Ese patrón produce subidas pequeñas, espaciadas e irregulares, que en la mente de quien las aplica se sienten como un ascenso constante. En la práctica, casi nunca alcanzan ni de lejos el ritmo real al que suben los precios de todo lo demás: alquiler, seguros, suministros, formación, herramientas de trabajo.
El resultado, año tras año, es una tarifa que en euros nominales parece haber crecido, pero que en capacidad de compra real se ha quedado atrás. Es una pérdida silenciosa, porque nunca aparece en ningún extracto bancario como una cifra negativa.
El dato oficial que lo confirma
El Instituto Nacional de Estadística (INE) publica cada mes el Índice de Precios de Consumo, y ese indicador es la referencia oficial para medir cuánto ha subido el coste de la vida en España. En julio de 2026, el INE situó la tasa de variación interanual del IPC en el 3,6%, la más alta en dos años, impulsada sobre todo por el transporte y la vivienda.
Ese dato de julio de 2026 no es un caso aislado: es la continuación de una década en la que la inflación acumulada en España ha rondado el 23,6% entre 2015 y 2025, según el propio IPC oficial del INE. Cualquier tarifa que no haya subido, como mínimo, en esa proporción durante ese periodo, está generando hoy menos ingresos reales que hace diez años, aunque la cifra en euros sea mayor.

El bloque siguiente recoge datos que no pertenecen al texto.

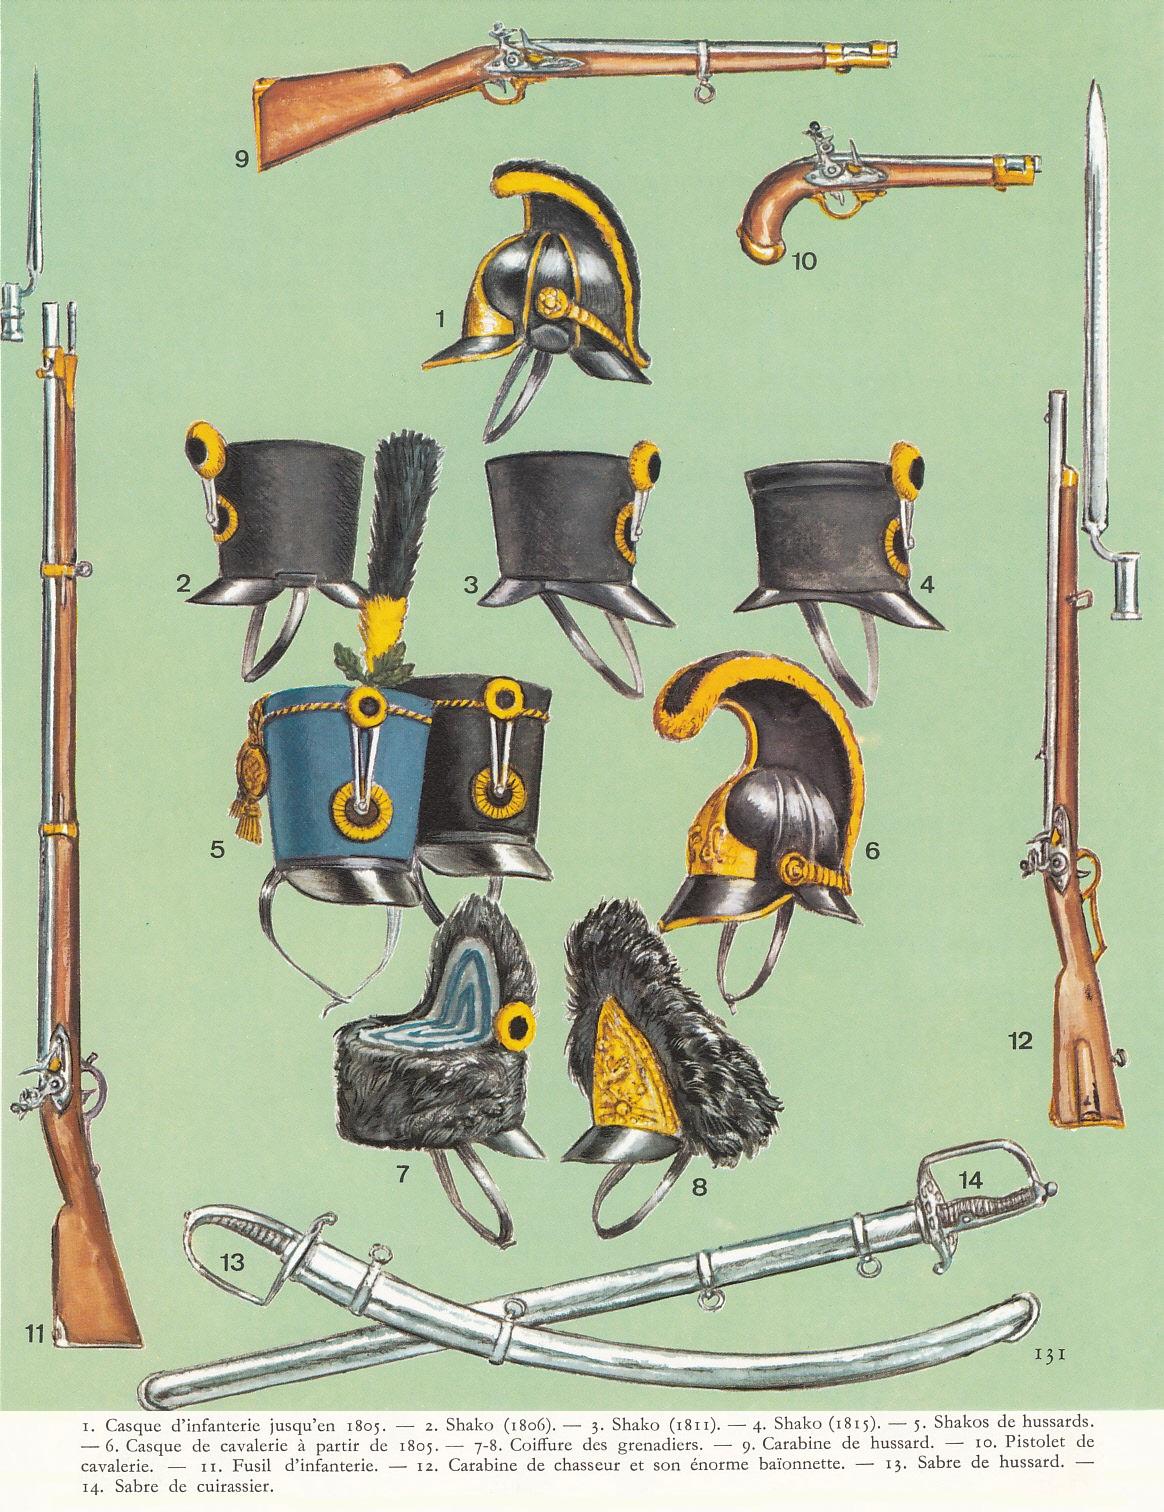 Autriche 1er Empire : Armes et Coiffures 1523197996-casque-shako-hussard-grenadier-autriche-1er-empire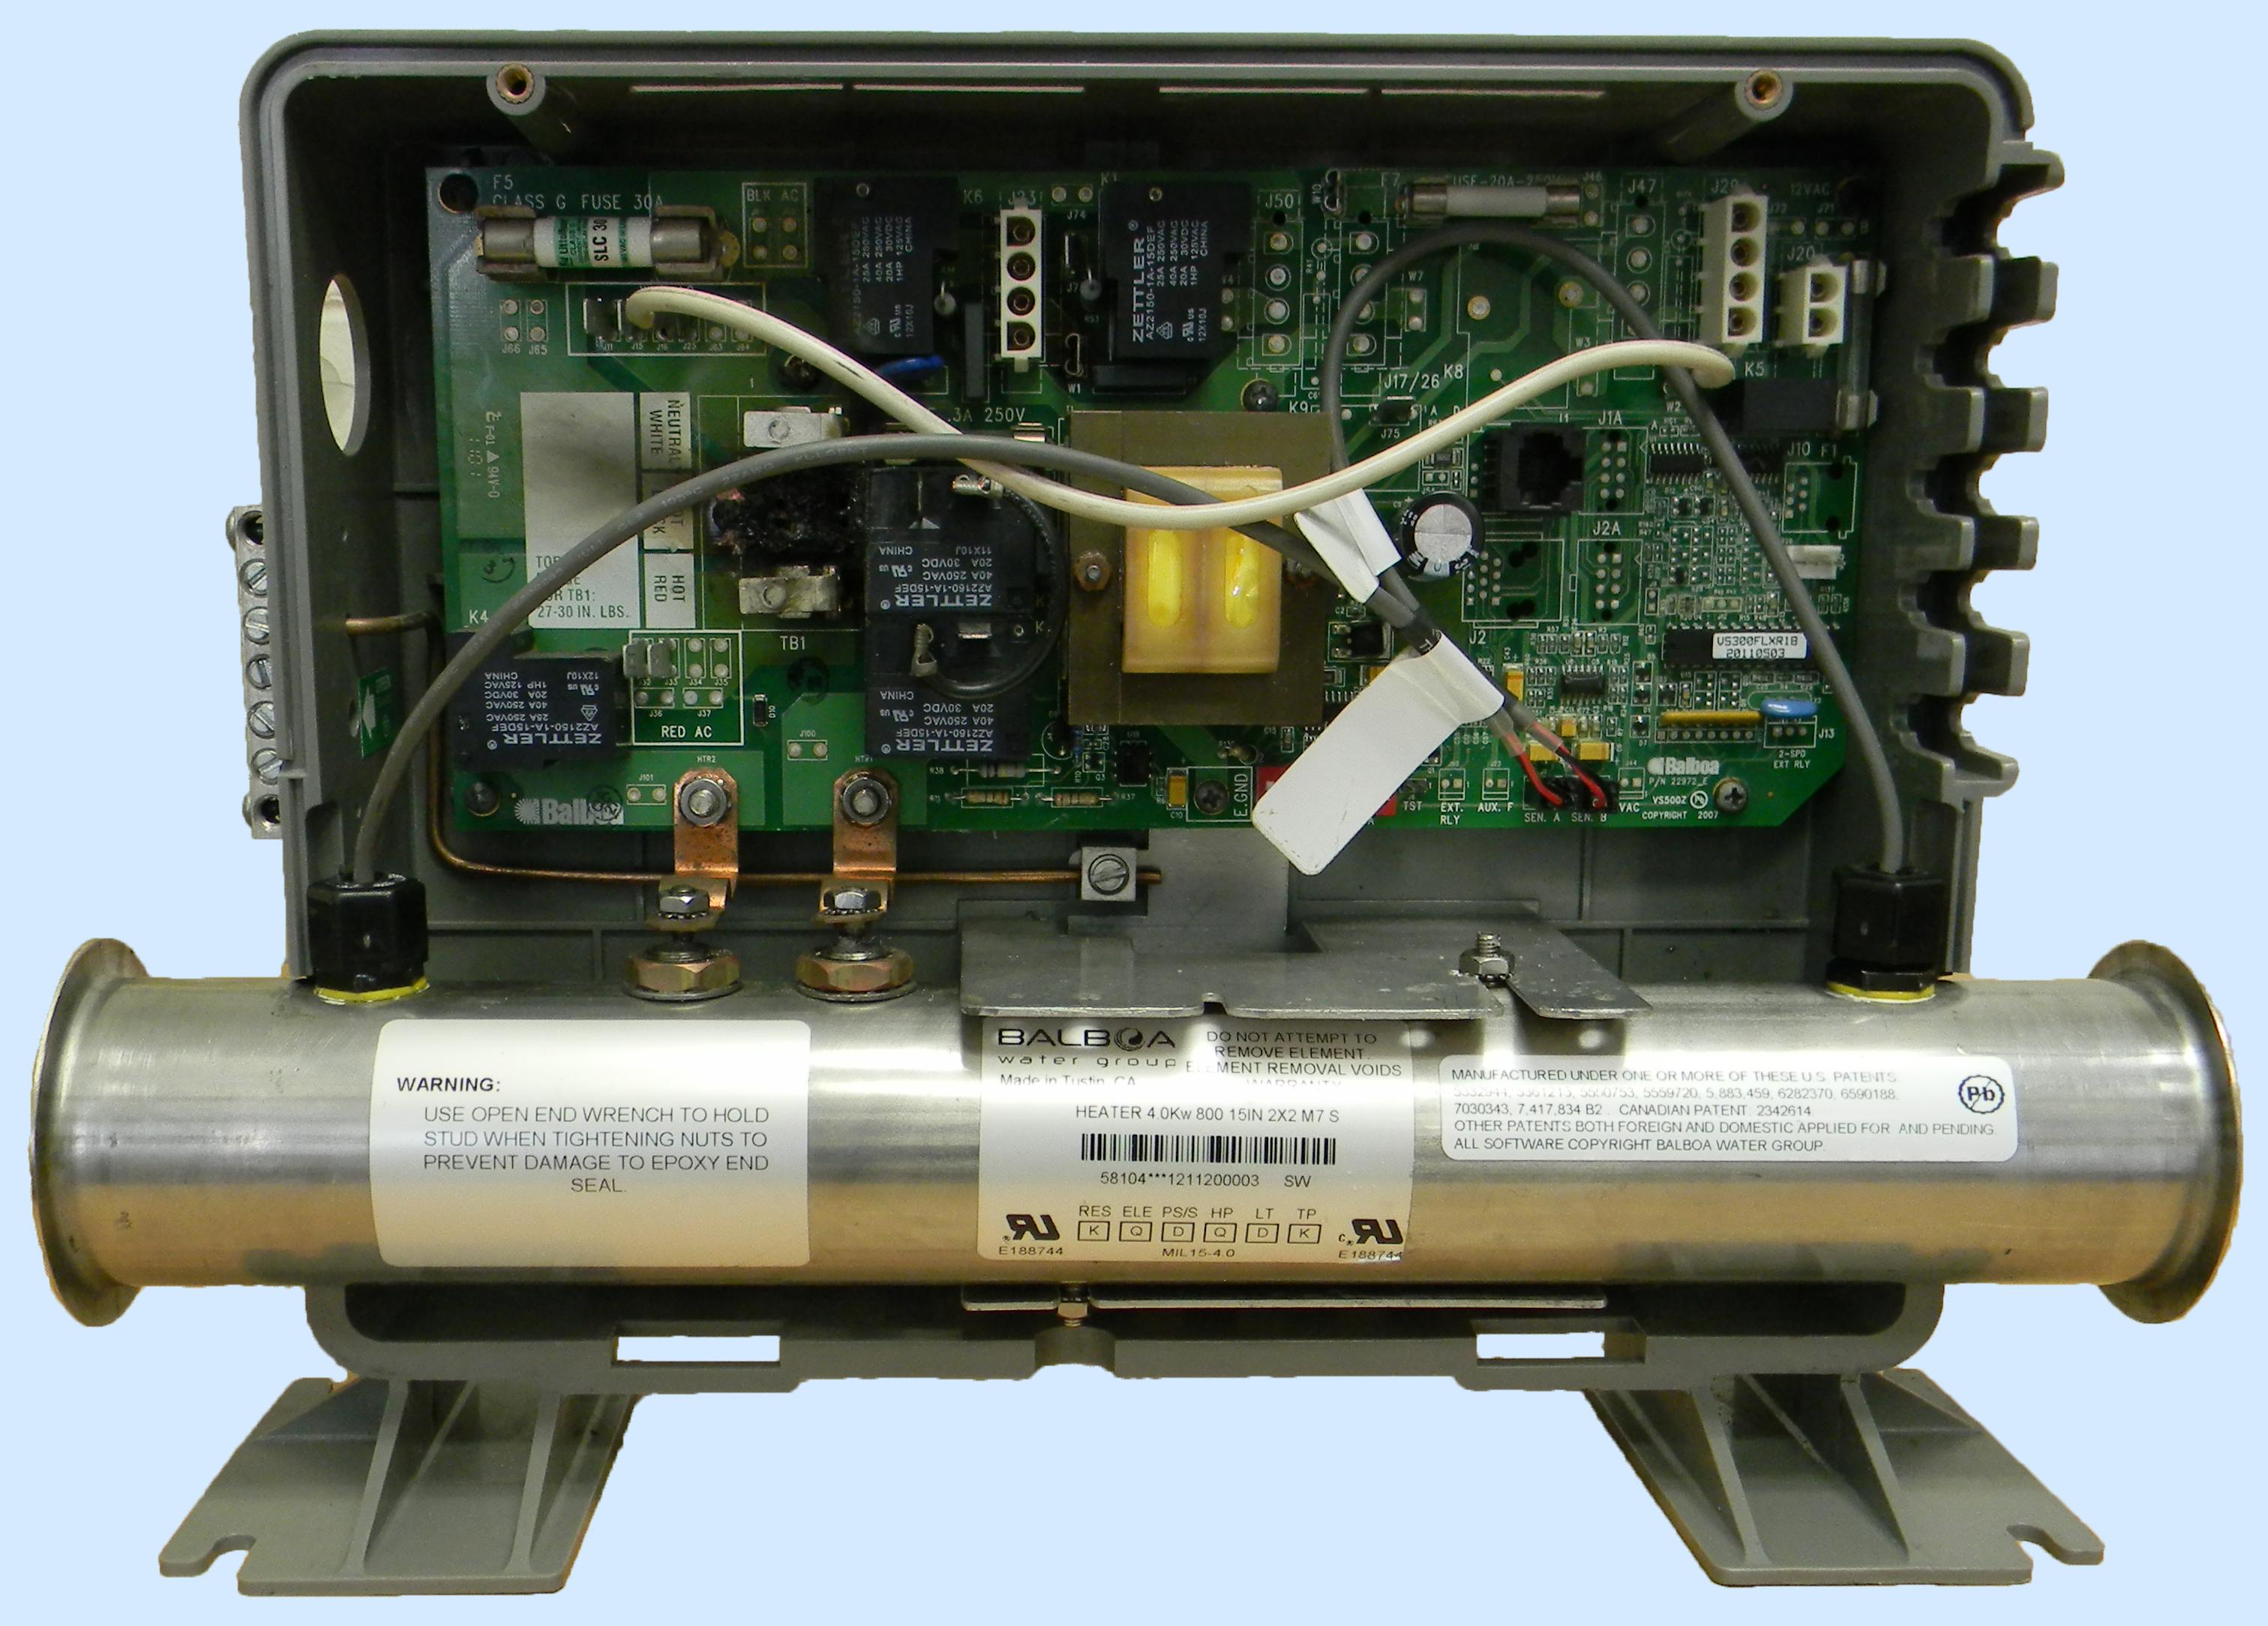 balboa spa heater replacement    balboa

Este dato tiene una utilidad muy concreta: permite convertir una sensación difusa de «cada vez cuesta más llegar a fin de mes» en un cálculo exacto, con una fuente oficial detrás, que se puede repetir con la tarifa propia en cualquier momento.
Por qué el problema no es el mercado
La reacción más común al ver este resultado es buscar explicaciones externas: que hay más competencia, que los clientes tienen menos presupuesto, que el sector está más difícil que antes. Todas esas explicaciones pueden ser parcialmente ciertas, pero ninguna explica por qué la tarifa nunca se revisó con un cálculo real detrás.
El problema de fondo no es cuánto está dispuesto a pagar el mercado. Es que la forma de fijar el precio nunca se replanteó desde una base sólida. Subir «un poco» cada cierto tiempo es una reacción, no una estrategia de precios.
Una estrategia de precios parte de una pregunta distinta: cuánto necesita cobrar esa hora de trabajo hoy, con los costes de hoy, para que el ingreso real, no el nominal, siga siendo al menos el mismo que hace diez años. Casi nadie se hace esa pregunta con una calculadora delante.
Cobrar por hora tiene un límite que la inflación no perdona
El modelo de cobrar por hora o por sesión tiene un techo natural: hay un número finito de horas facturables en una semana, y ese número no crece aunque suba el coste de la vida. Si la tarifa no sube al mismo ritmo que los precios generales, el ingreso real cae de forma automática, sin que haga falta ningún otro factor.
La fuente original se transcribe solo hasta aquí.